**** Stored data ****

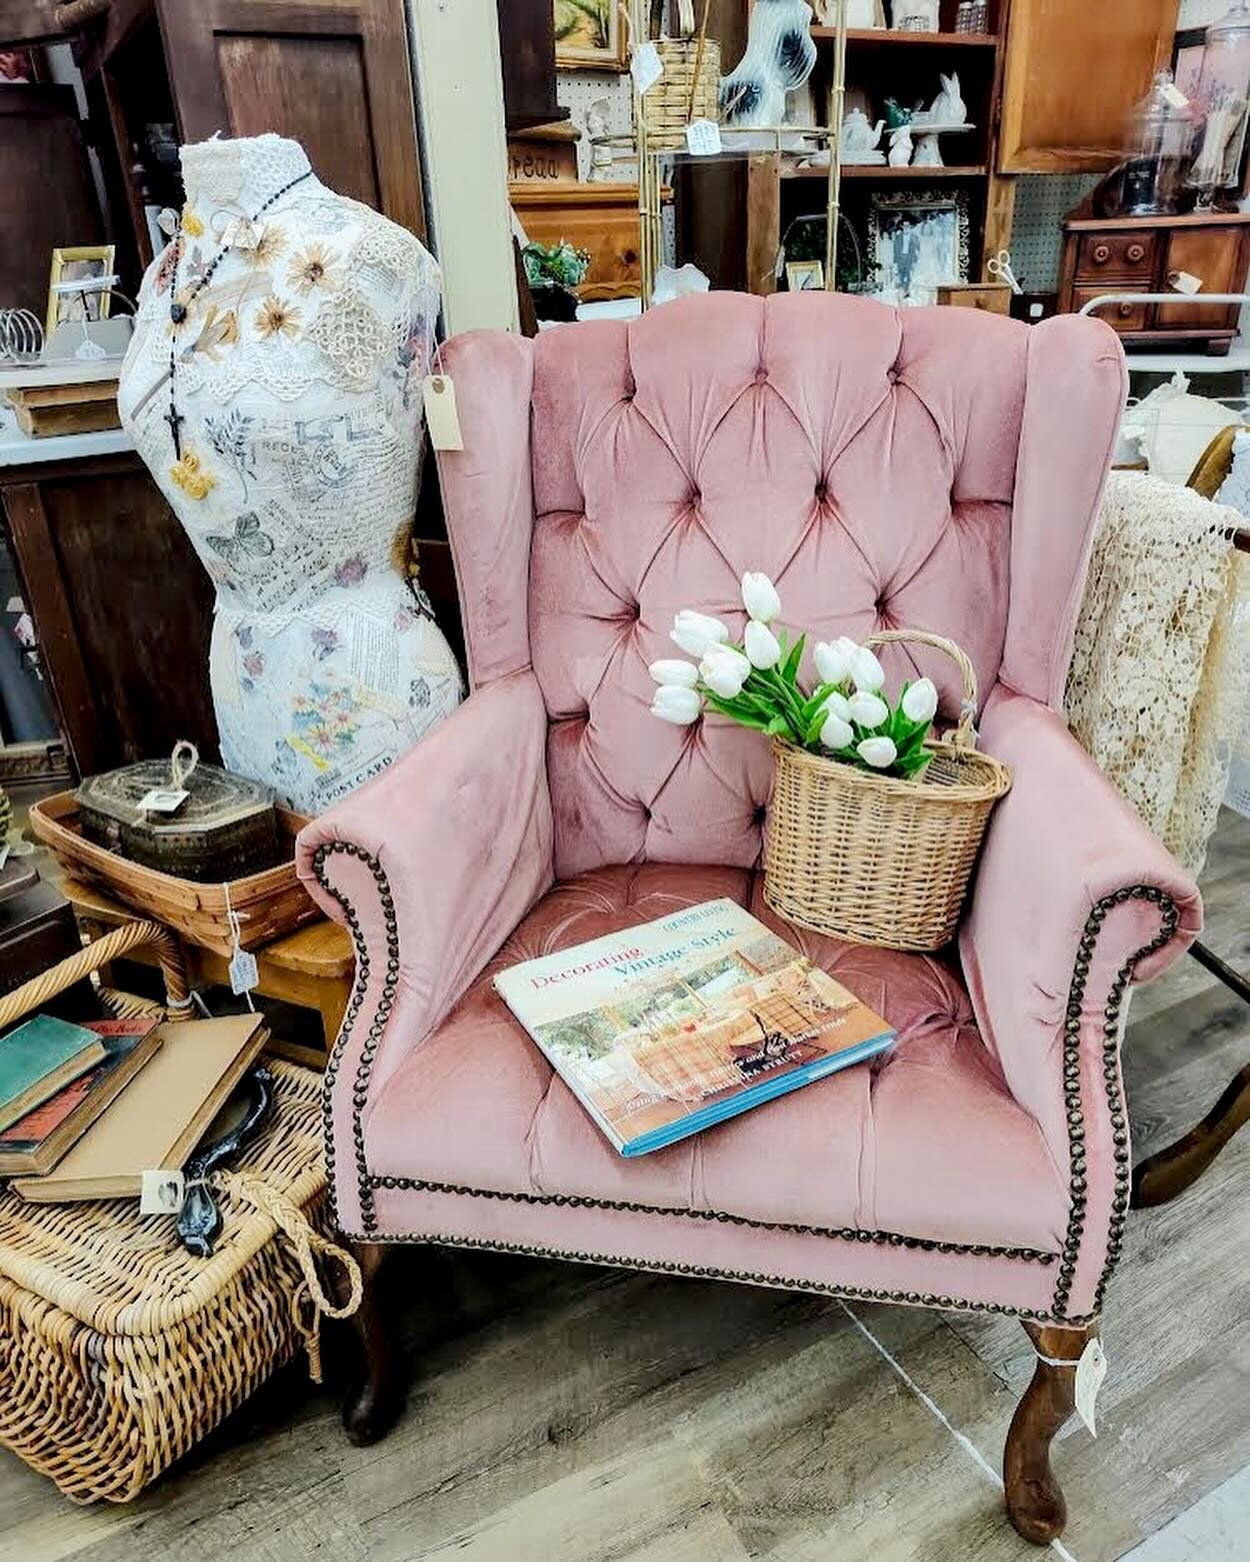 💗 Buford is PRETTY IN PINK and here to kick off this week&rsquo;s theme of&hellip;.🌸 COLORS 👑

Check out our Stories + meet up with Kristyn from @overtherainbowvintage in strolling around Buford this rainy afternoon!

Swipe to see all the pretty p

****

■ Exercise goal: Retype all the data exactly; skip the pictures.

■ Finished task:
 💗 Buford is PRETTY IN PINK and here to kick off this week&rsquo;s theme of&hellip;.🌸 COLORS 👑

Check out our Stories + meet up with Kristyn from @overtherainbowvintage in strolling around Buford this rainy afternoon!

Swipe to see all the pretty p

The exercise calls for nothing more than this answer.